In a recent Fox News piece, sociologist Andrea Laurent-Simpson writes of the emergence of “multispecies families,” explaining that in “child-free families…dogs and cats paw in to fill a longing to nurture” and would-be grandparents “readily shift over to spoiling the granddog as their daughters and sons choose instead to pursue lucrative careers.” But this is neither good nor new.
The ancient historian Plutarch began his life of Pericles with an anecdote about Caesar, who, upon seeing “wealthy foreigners in Rome carrying puppies and young monkeys about in their bosoms and fondling them” asked, “if the women in their country did not bear children.” Plutarch thought this a “princely” rebuke of “those who squander on animals that proneness to love and loving affection which is ours by nature, and which is due only to our fellow-men.”

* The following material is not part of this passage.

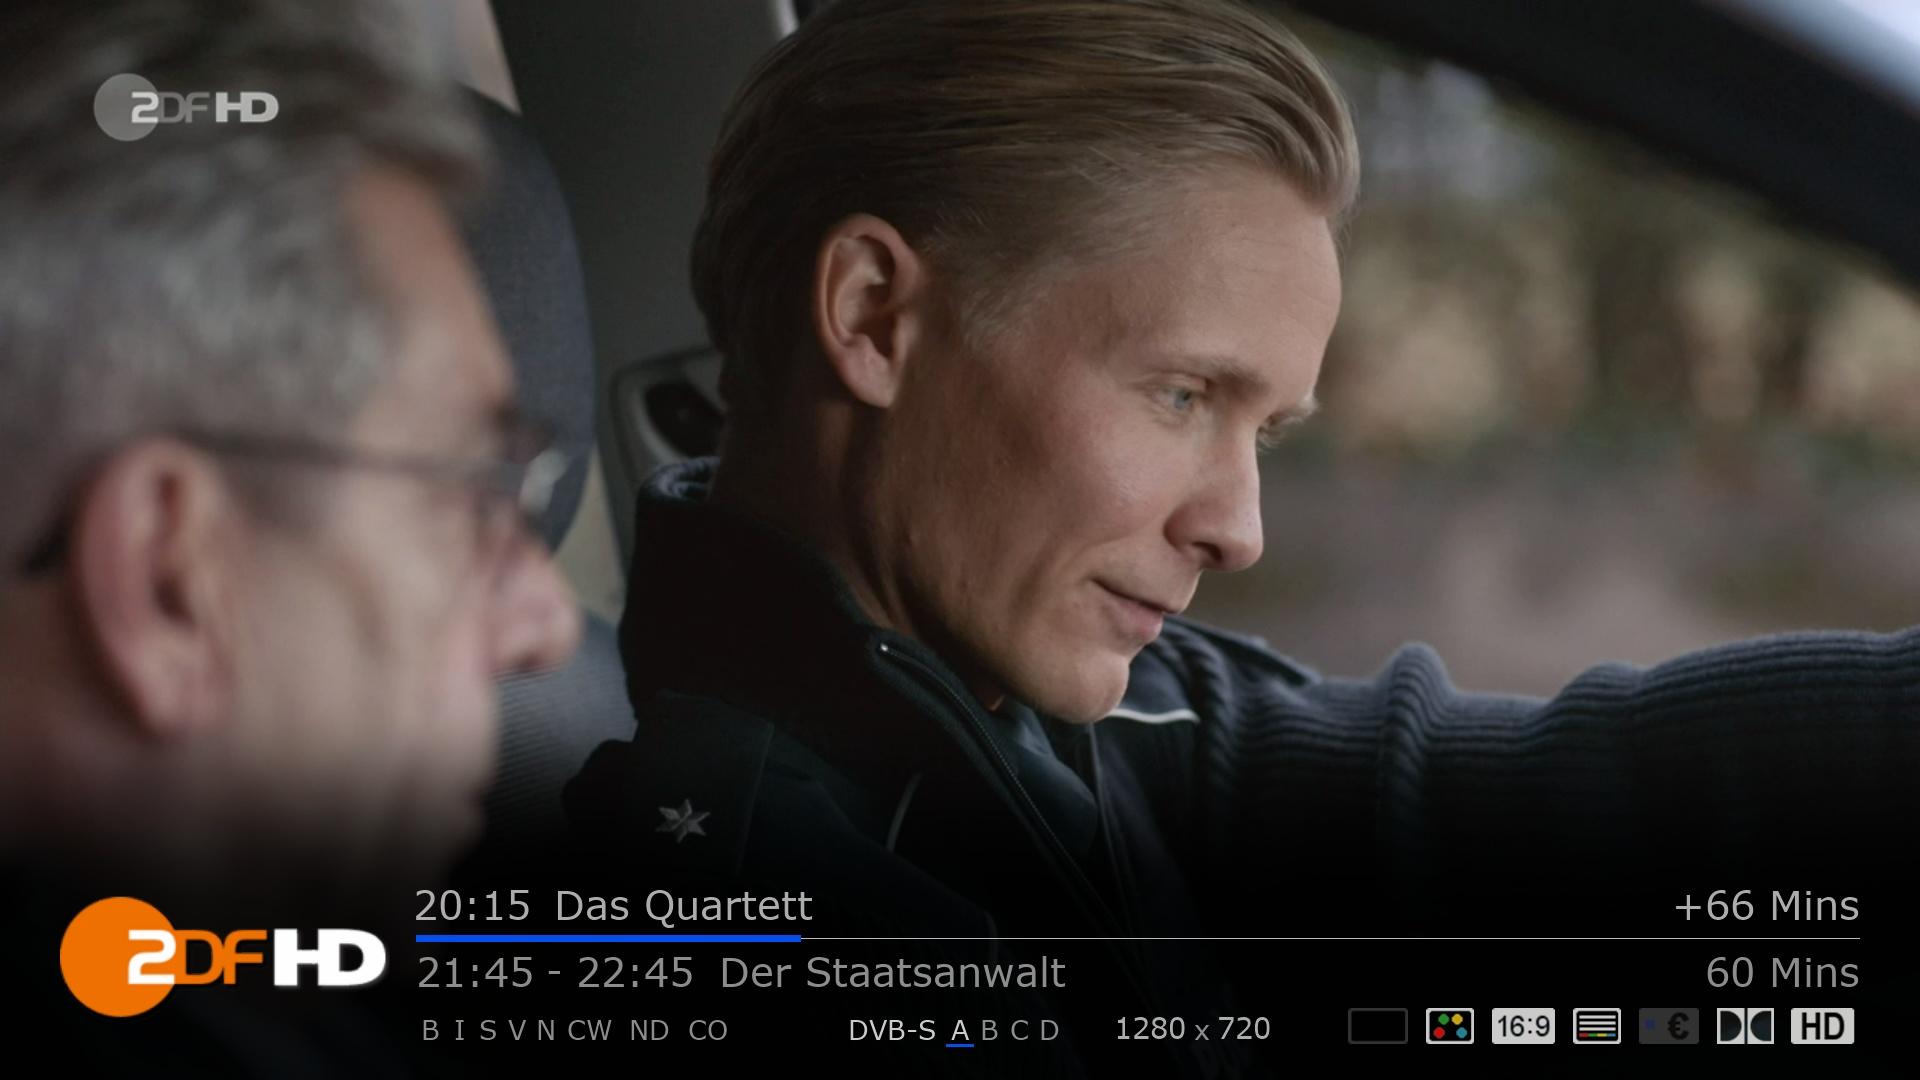 [BACKUP] OpenATV 6.4 for GIGABLUE QUAD 4K UHD (DM4K)  Openatv64-gbquad4k-3

Another ancient text tells us that there is nothing new under the sun. There is certainly nothing new about treating pets as substitutes for children, though it does seem to be more common of late, a trend that debases us and deforms our pets — literally in some cases. The overbreeding of dogs has, for instance, produced breeds that struggle to breathe or routinely need C-sections to give birth. If these people love dogs, then it is with a selfish and consumerist sort of love.
Of course, we ought to love our pets. But this love must be directed to them as the animals they are, rather than as mere objects for our amusement, or as substitutes for children. I love my dogs and try to take good care of them. They were bred to be loveable, and they are entertaining and affectionate. And they have a place in family life. With the right training and supervision, dogs and kids are great for each other. My daughter really, really loves our dogs. Notably, neither she nor the dogs are confused about who is the human. That sort of disordered affection requires an adult.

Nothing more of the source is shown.